Deterministic models have been extensively used over the past decades to describe reaction phenomena. This approach, however, is inadequate for phenomena encountered in intracellular processes, in which the control volumes are on the order of some pico-liters: the inherent stochasticity of the reaction phenomena occurring in every single cell creates significant random fluctuations, termed “intrinsic noise”. Therefore, the underlying dynamics of transcription and translation, the protein-ligand interactions, and the degradation phenomena, must be described in probabilistic terms, with the use of stochastic models. Furthermore, this inherent, intracellular stochasticity contributes to phenotypic variations amongst isogenic cells of a cell population, thus leading to heterogeneous cell population dynamics. Even if one is only interested in accurate descriptions of bulk, average cell population dynamics, the two descriptions can give vastly different predictions in certain cases.

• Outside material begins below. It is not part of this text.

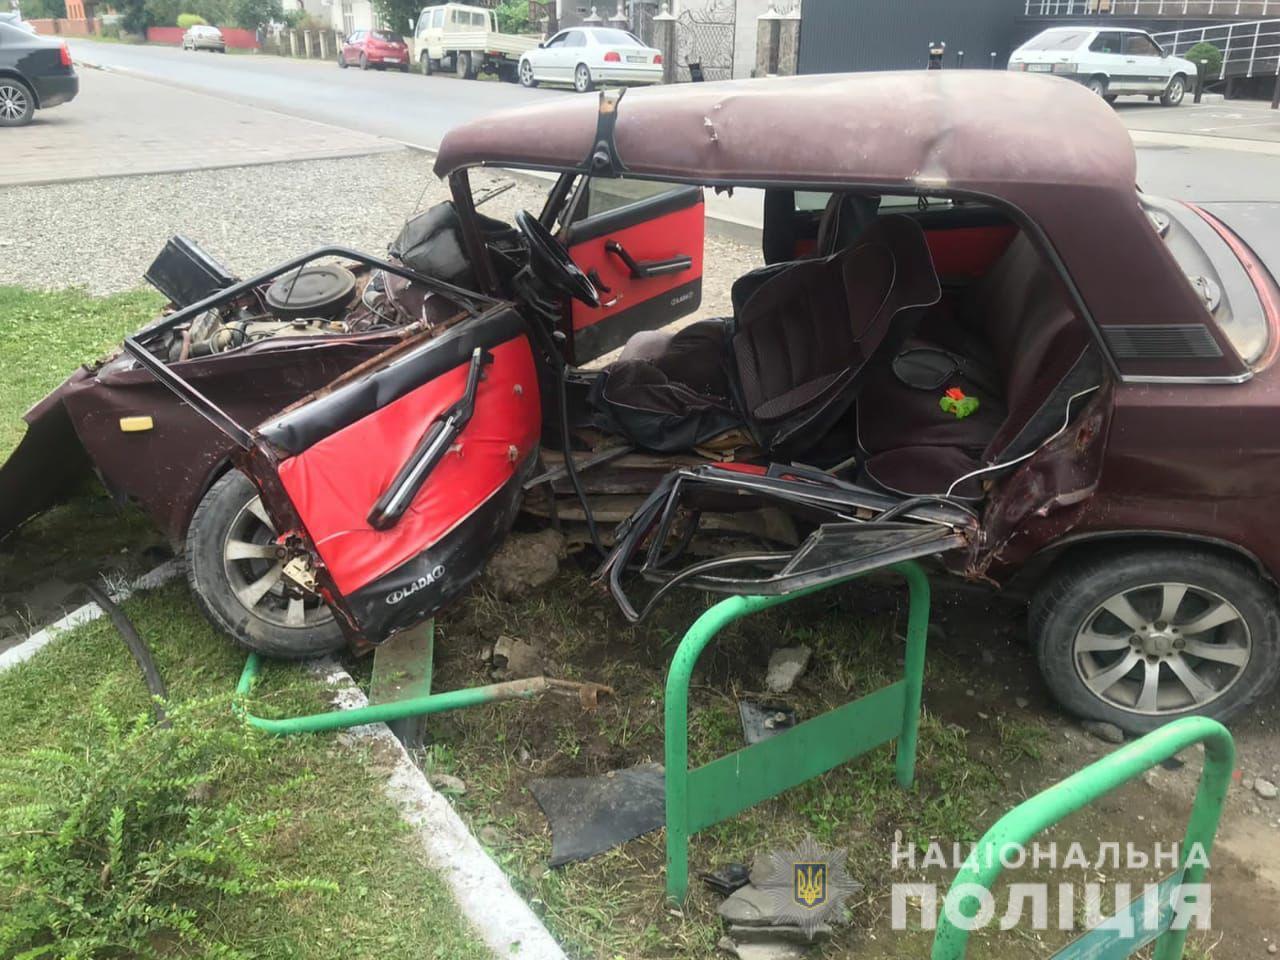 Страхітлива аварія на Закарпатті: чоловік загинув, а 6-річна дитина-пасажир вижила

In this work, we present a detailed stochastic model describing the dynamics of the IPTG-inducible lac operon network. The model describes the constitutive expression of lacI repressor, the dynamics of lacY transcription and translation, the induced and facilitated transport of IPTG, and the degradation of the metabolizable species. Furthermore, we rigorously derive the equivalent deterministic model and by comparing its predictions with those of the stochastic model, we isolate the effects of intrinsic noise on system behavior. Moreover, we demonstrate how the asymptotic behavior and the phenotypic heterogeneity are affected by changes in several biomolecular parameters, such as promoter strength, binding affinities and plasmid copy numbers. Our results are expected to hold not only for the lac operon system, but for other systems with positive feedback architecture as well.